INGOT-DR ( INterpretable GrOup Testing for Drug Resistance) is an interpretable rule-based predictive model base on Group Testing and Boolean Compressed Sesing. For more details and citation please see the INGOT-DR paper. To access scripts used to produce the results in the paper please visit INGOT-DR Project. To access the data used in the paper please visit/cite M.tuberculosis dataset for drug resistant.

##Table of content

Installation

INGOT-DR can be installed from PyPI.

pip install ingotdr

Usage

INGOT-DR is implemented as a scikit-learn classifier. As a result, this classifier is compatible with most of scikit-learn tools (e.g. cross validation and hyper-parameter tuning tools).

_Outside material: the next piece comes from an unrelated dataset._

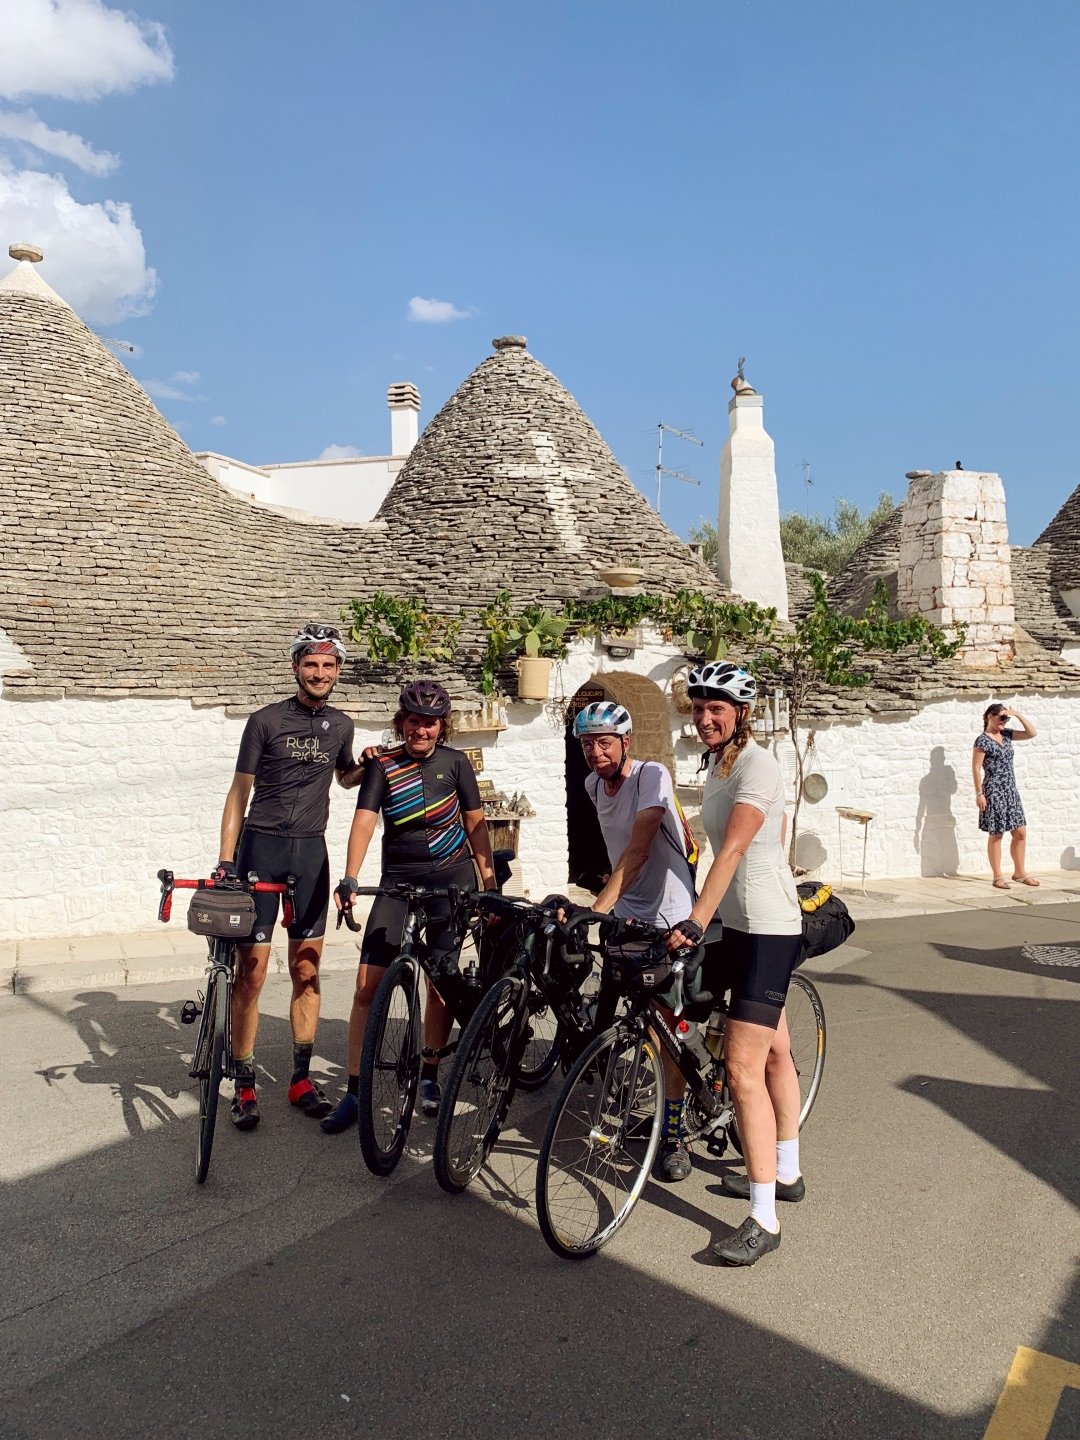 Groep fietsers van Rudi Rides voor trulli in hoofdstad van trulli Alberobello

In the following section, we provide some usage examples:

Arguments

ingot.INGOTClassifier( w_weight=1, lambda_p=1, lambda_z=1, lambda_e=1, false_positive_rate_upper_bound=None,
                       false_negative_rate_upper_bound=None, max_rule_size=None, rounding_threshold=1e-5,
                       lp_relaxation=False, only_slack_lp_relaxation=False, lp_rounding_threshold=0,
                       is_it_noiseless=False, solver_name='PULP_CBC_CMD', solver_options=None)
Name Type Description Default
w_weight vector, float A vector, float to provide prior weight to w. 1.0
lambda_p float Regularization coefficient for positive labels. 1.0
lambda_z float Regularization coefficient for negative/zero labels. 1.0
lambda_e float Regularization coefficient for all slack variables. 1.0
false_positive_rate_upper_bound float False positive rate (FPR) upper bound. None
false_negative_rate_upper_bound float False negative rate(FNR) upper bound. None
max_rule_size int Maximum rule size. None
rounding_threshold float Threshold for ILP solutions for Rounding to 0 and 1. 1e-5
lp_relaxation bool A flag to use the lp relaxed version. False
only_slack_lp_relaxation bool A flag to only use the lp relaxed slack variables. False
lp_rounding_threshold float Threshold for lp solutions for Rounding to 0 and 1. Range from 0 to 1. 0.0
is_it_noiseless bool A flag to specify whether the problem is noisy or noiseless. False
solver_name str Solver's name provided by Pulp. 'PULP_CBC_CMD'
solver_options dict Solver's options provided by Pulp. None

Methods

Method Description
fit(X,y) Fit the model with respect to the given data.
get_params_dictionary(variable_type='w') Provide a dictionary of individuals with their status obtained by decoder. Type of the variable.e.g. 'w', 'ep' or 'en'
solution() Provide a vector of binary features importance. i.e. 1 if feature was used in the model 0 otherwise.
predict(X) Provide a predicted labels for X.
score(X,y) Provide the accuracy of self.predict(X) with respect to y
learned_rule(return_type='feature_name') Return a list of rules. return_type can be 'feature_name' or 'feature_id'.
write(fileType='mps', **kwargs) Create a file from the problem. fileType can be 'mps', 'lp', 'json' or 'display'. 'display' shows the ILP/LP problem on screen.

Training and evaluation

Example: The following is an example of training a classifier to predict resistance to second line drug Ciprofloxacin in TB isolates. In this example the feature matrix indicates presence/absence of SNPs in TB isolates, and the label vector represents the drug resistance phenotype. Sample data is available here.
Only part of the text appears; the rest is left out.